New England could be a mild, U.S.-based case of how much of the world, whether cut off from sufficient gas involuntarily or by choice, deals with the challenges of building out renewable energy resources while still relying on energy that comes out of the ground, as opposed to the wind and the sun.
Why New England?
“The region is highly dependent on natural gas for both heating homes, which is a huge need for New England in the winter, and generating electricity,” said Caitlin Marquis, a director at Advanced Energy Economy. “If you have a very cold day, or if you have any extended cold stretch of days, you have an issue of not having enough fuel to meet combined heating and electricity needs of the region. There is limited infrastructure, and [there’s] not been much investment in supply infrastructure for a while.”
Just over half of the electricity produced in New England comes from gas, which is largely imported through a network of pipelines that were largely laid down decades ago. The remaining balance of gas is imported, oddly enough, from overseas.
And New England still hasn’t kicked more carbon-intensive forms of power entirely.
There are plans for more renewable energy, but, as Stephen George, an official at ISO-NE, said in a presentation, “Generator retirements occur on schedule, but new resources are often delayed.”
While the goals of these two regions, which are both wealthy and committed to aggressive climate goals, are to minimize the use of carbon-emitting sources of power, the demands of harsh weather and reliability have extended natural gas’s reign.
That’s thanks to opposition both in New England itself and in neighboring states, especially New York, to building new pipelines.
New England vs. the world
At the import terminals where LNG arrives in the Northeast, the average price for the gas is three times what it is at the export terminals largely on the Gulf Coast.
In effect, the rest of the country is sufficiently served with gas that can’t go anywhere else through the pipeline system, while New England has to go out on the global market to get the gas it needs to keep the lights on and homes warm. This is then reflected on electric bills, which are already high and starting to climb across the region.

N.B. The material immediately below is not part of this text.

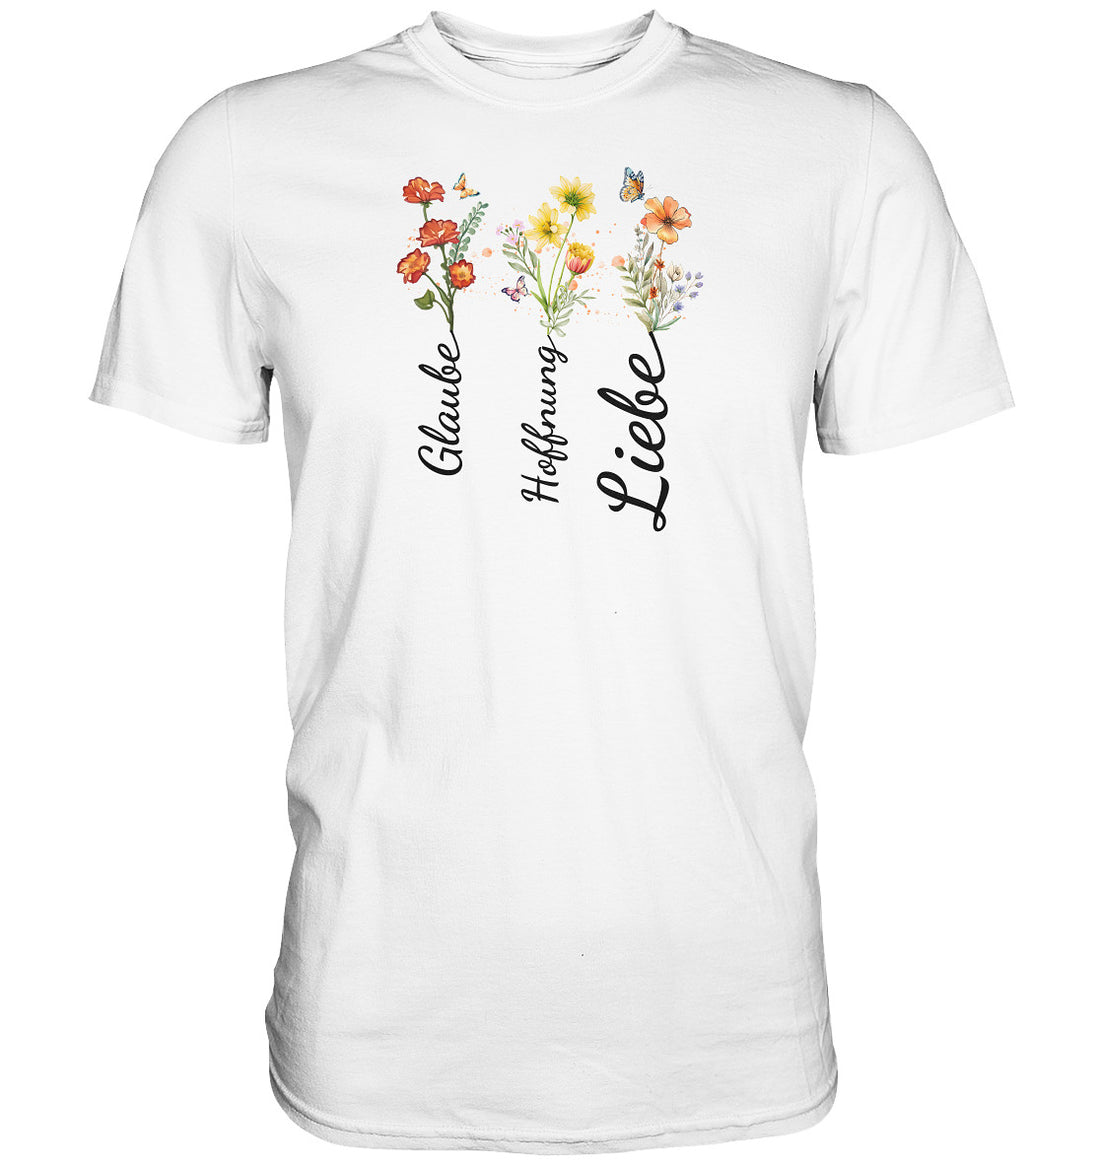 1.Kor 13,13 - Glaube, Hoffnung, Liebe - Brustprint - Premium Shirt

“If we want a cargo full of LNG to come to Boston, we have to outcompete Europe,” said Meredith Angwin, an energy analyst and author of “Shorting the Grid.”
LNG can make up up to a third of the region’s whole natural gas supply, according to the Energy Information Administration. New England pays for the privilege, with prices for natural gas sometimes being five times higher in New England than the U.S. reference price in Louisiana.
“Even with the successful development of extensive offshore and onshore wind as well as solar generation in New England, the region will continue to be dependent on resources with the operating flexibility to balance and backstop this variable renewable generation to sustain reliability. Today, natural gas generation provides this flexibility, and in the future, this could include non-carbon-emitting energy storage technologies,” ISO-NE said in the Granholm letter.
The catch
For environmentalists and advocates for green energy, the current situation is not an indictment of their effort to limit or prevent new fossil fuel infrastructure, but proof that New England needs to redouble its efforts to generate and store energy renewably.
“We have the system we have, and we need to manage through the upcoming winter with resources we have. We can’t lose sight of longer-term needs to transition to natural gas to more renewables, energy storage, building out transmission infrastructure to get us away from this annual cycle of worrying about the upcoming winter and how we’re going to manage through,” Marquis said.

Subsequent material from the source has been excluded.